Access Economics believes unemployment will peak at 7.5 per cent, instead of 8-9 per cent. That’s still another 200,000 Australians out of work within two years added to the hundreds of thousands who have already lost their jobs.

Personal balance sheets have been shattered. Individuals, small business owners, and households are still hurting like they’ve done a few rounds with Rocky Balboa.

Once upon a time, the easy option was “bankruptcy”. Way back when, you could quickly clear your debts, do a little time pretending to be in the poorhouse (a la Alan Bond) and you could be back in business again.
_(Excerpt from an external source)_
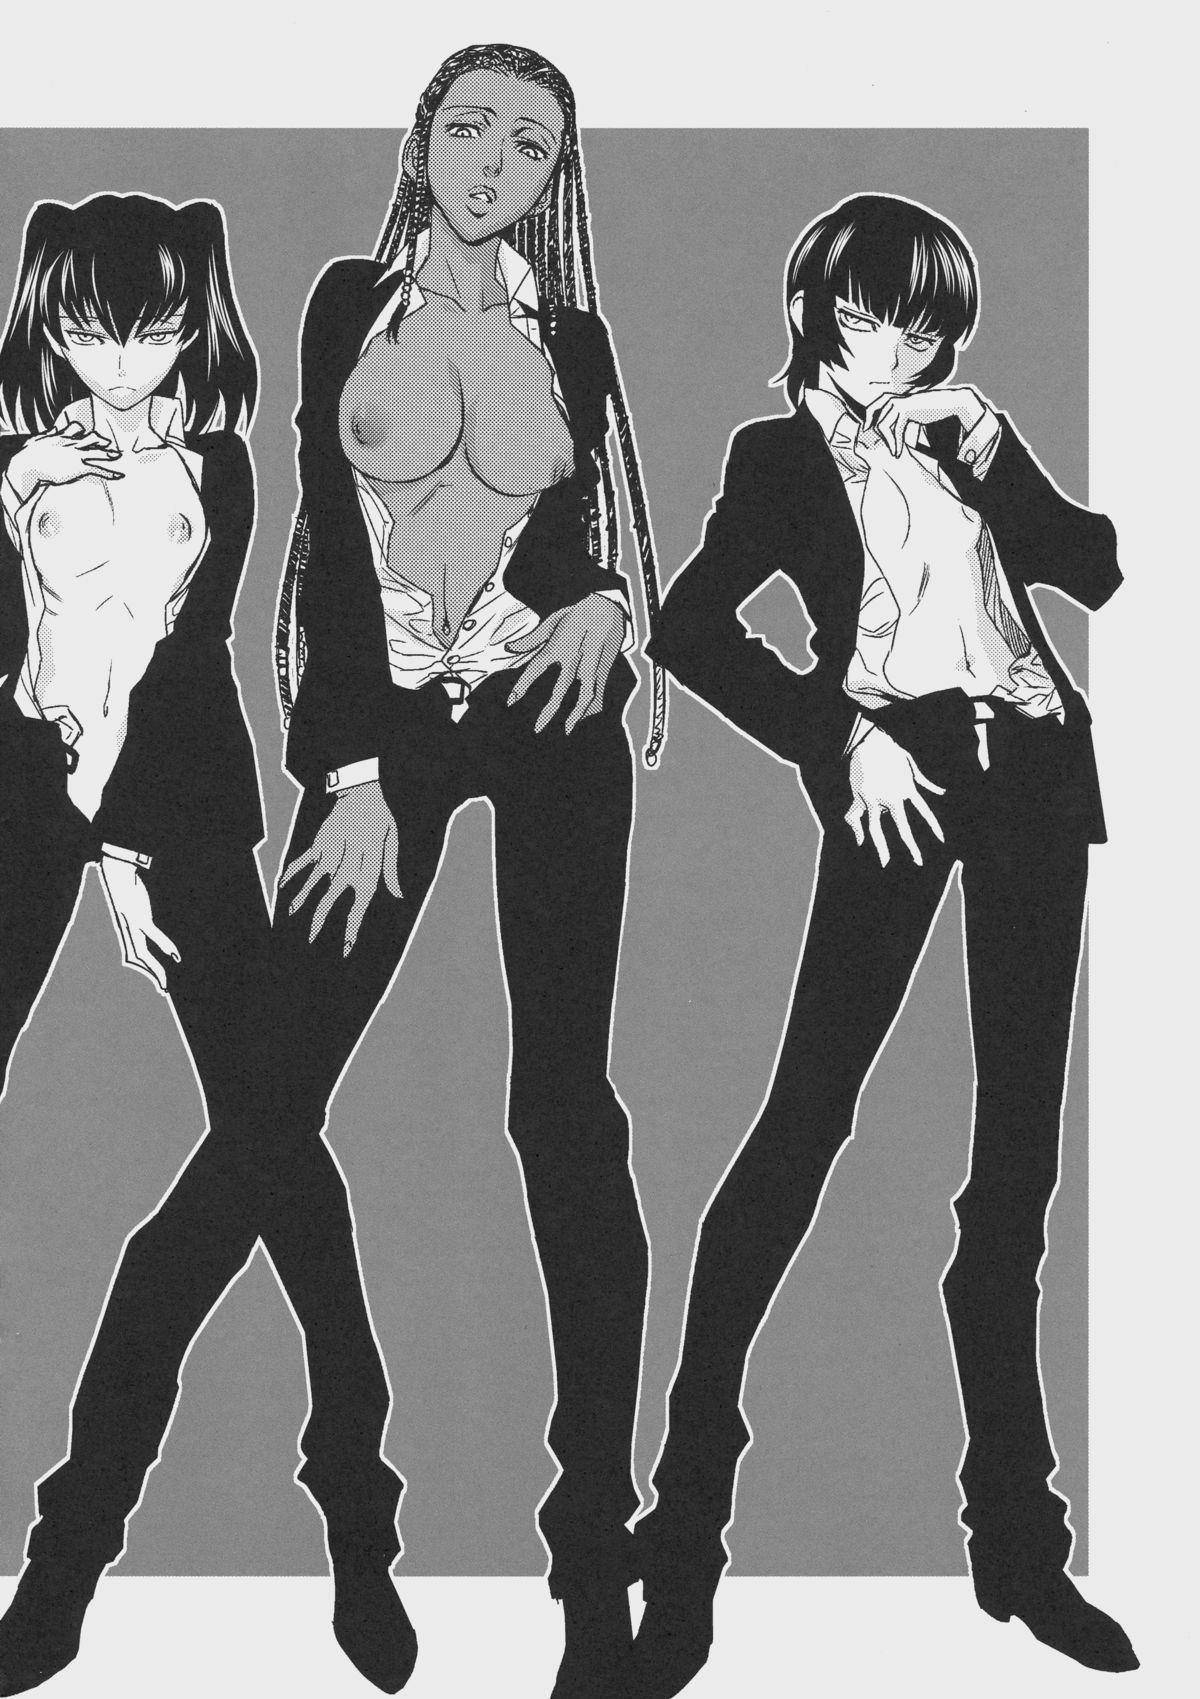 (C88) [TEX-MEX (Red Bear)] Shisei Roku-shiki Doujin - Omakebon (Various) 3

As far as holes went, Australia’s old bankruptcy laws made the script for Kevin Costner’s The Postman look worthy of a Pulitzer. Those gaps have been significantly closed.

A more attractive alternative is known as a “debt agreement”. It’s an admission to creditors that you’re in over your head and you need to negotiate a way out.

Under a debt agreement, you might not have to pay back the entire amount and you’ll get to pay it back interest free. However, if you fail to upkeep the agreement, you may still be sent into bankruptcy. But it is far less of a black mark against your name than bankruptcy.

Debt agreements have strict requirements.

  • The debt must be less than $83,647.20.
  • You must earn less than $62,735.40 after tax.
  • The debts must be unsecured.
  • You must be insolvent.
  • You can’t have been a bankrupt or entered into a debt agreement in the last 10 years.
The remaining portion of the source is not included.